Having access to all of a patient’s recent medical records provides physicians with a comprehensive view of the patient’s health, allowing doctors to make a better-informed diagnosis, which results in the patient receiving the best course of treatment. Better treatment means that patient outcomes improve, resulting in higher satisfaction scores from both patients and their family members. These scores are frequently used as an indicator for measuring the quality of health care a practice provides. High satisfaction scores and better outcomes for patients can increase staff morale throughout a practice.
Other benefits of becoming HIPAA-compliant:
- Prevents you from being penalized for noncompliance.
- HIPAA can help you streamline your practice’s administrative functions and protect you from legal actions due to a data breach.
- HIPAA keeps your patients’ electronically protected health information (ePHI) secure by making sure that their information is stored, transmitted, shared and accessed through its own data system.
- Since entities covered by HIPAA are required to use nationally recognized identifiers and specific code sets, becoming HIPAA-compliant helps reduce the likelihood of a miscommunication when transferring Protected Health Information between providers and health plans, as well as third-party vendors.
- Although financial benefits are difficult to quantify, the decrease in miscommunication typically leads to fewer claim denials due to coding issues and quicker payment from insurance companies.
- The increase in morale resulting from better patient outcomes can help reduce staff turnover, which translates into fewer costs related to finding, interviewing and training new staff members.
- HIPAA standardizes electronic transactions. This standardization helps streamline billing, eligibility checks and payments. All of which decrease the amount of time your practice spends on completing paperwork.
How Trusting Health Care Providers Can Improve Patient Health
Once patients realize that their health information is protected, they frequently feel more confident about revealing some of the more personal details about their health. In this way, becoming HIPAA-compliant helps medical professionals build trust with their patients. Furthermore, studies indicate that a patient who trusts his or her medical professional may reduce participation in unhealthy activities and begin to implement healthier ones.

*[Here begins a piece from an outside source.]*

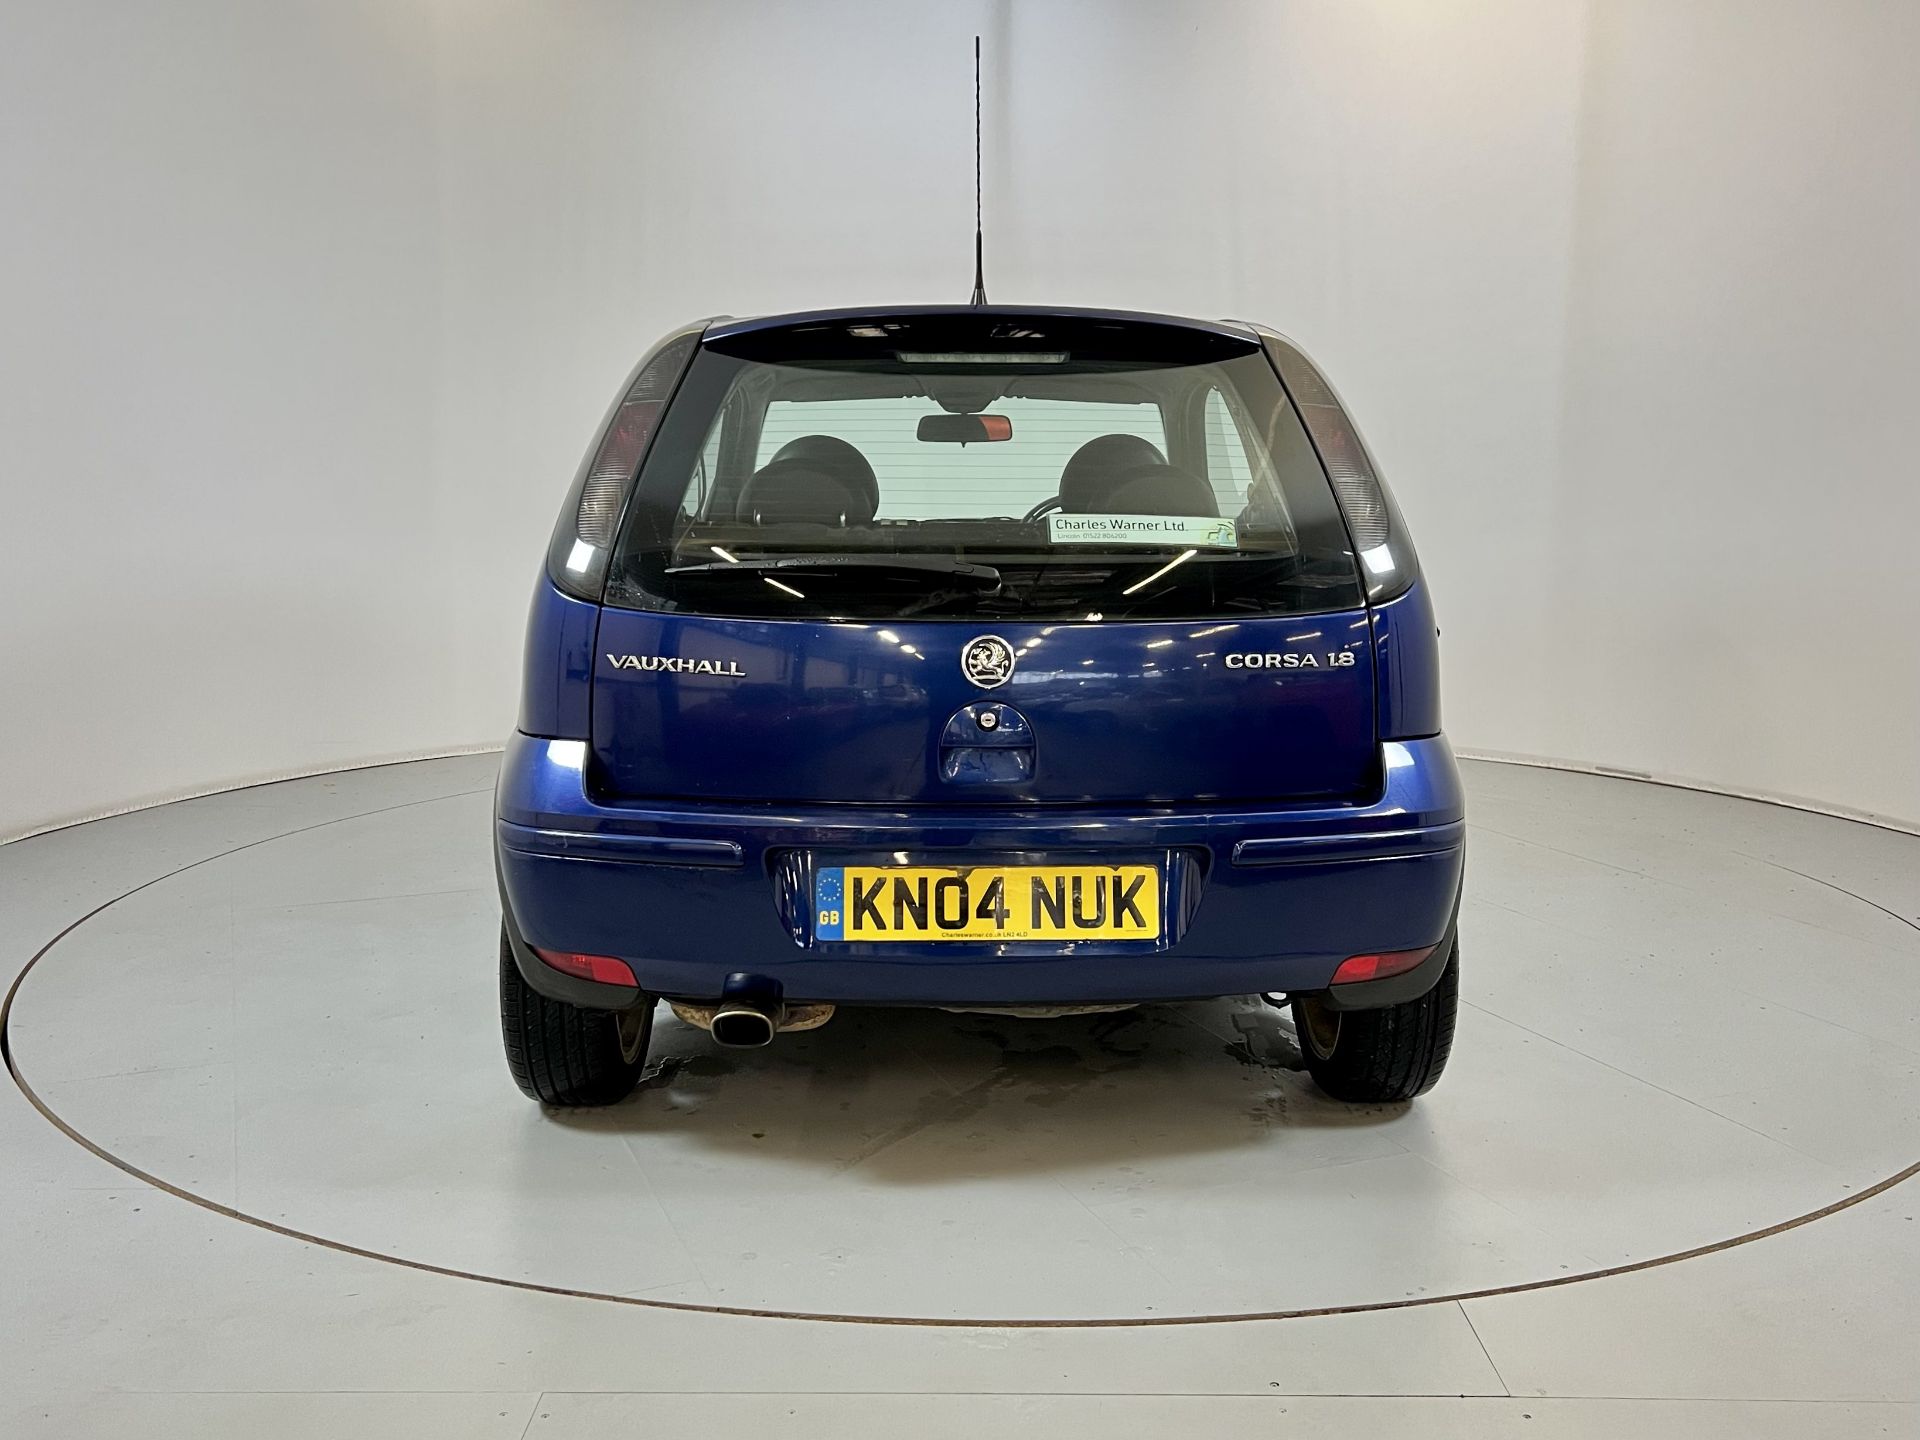 Vauxhall Corsa 1.8 SRI - Image 8 of 28

Other benefits include patients scheduling their preventative services, complying with the medications they receive and moving forward with the treatments they need, all of which can reduce the severity of a patient’s illness and accelerate his or her recovery.
Additional ways you can demonstrate a commitment to your patients’ confidentiality:
- Offer advice on how they can use your patient portal safely and securely.
- Protect sensitive information by securing your office’s Wi-Fi with a password.
- Recommend healthcare apps that abide by the Xcertia guidelines.
- Extend HIPAA-compliant measures outside your private office and exam rooms by providing partitioned waiting areas and having the ability to close the reception window whenever you are discussing PHI.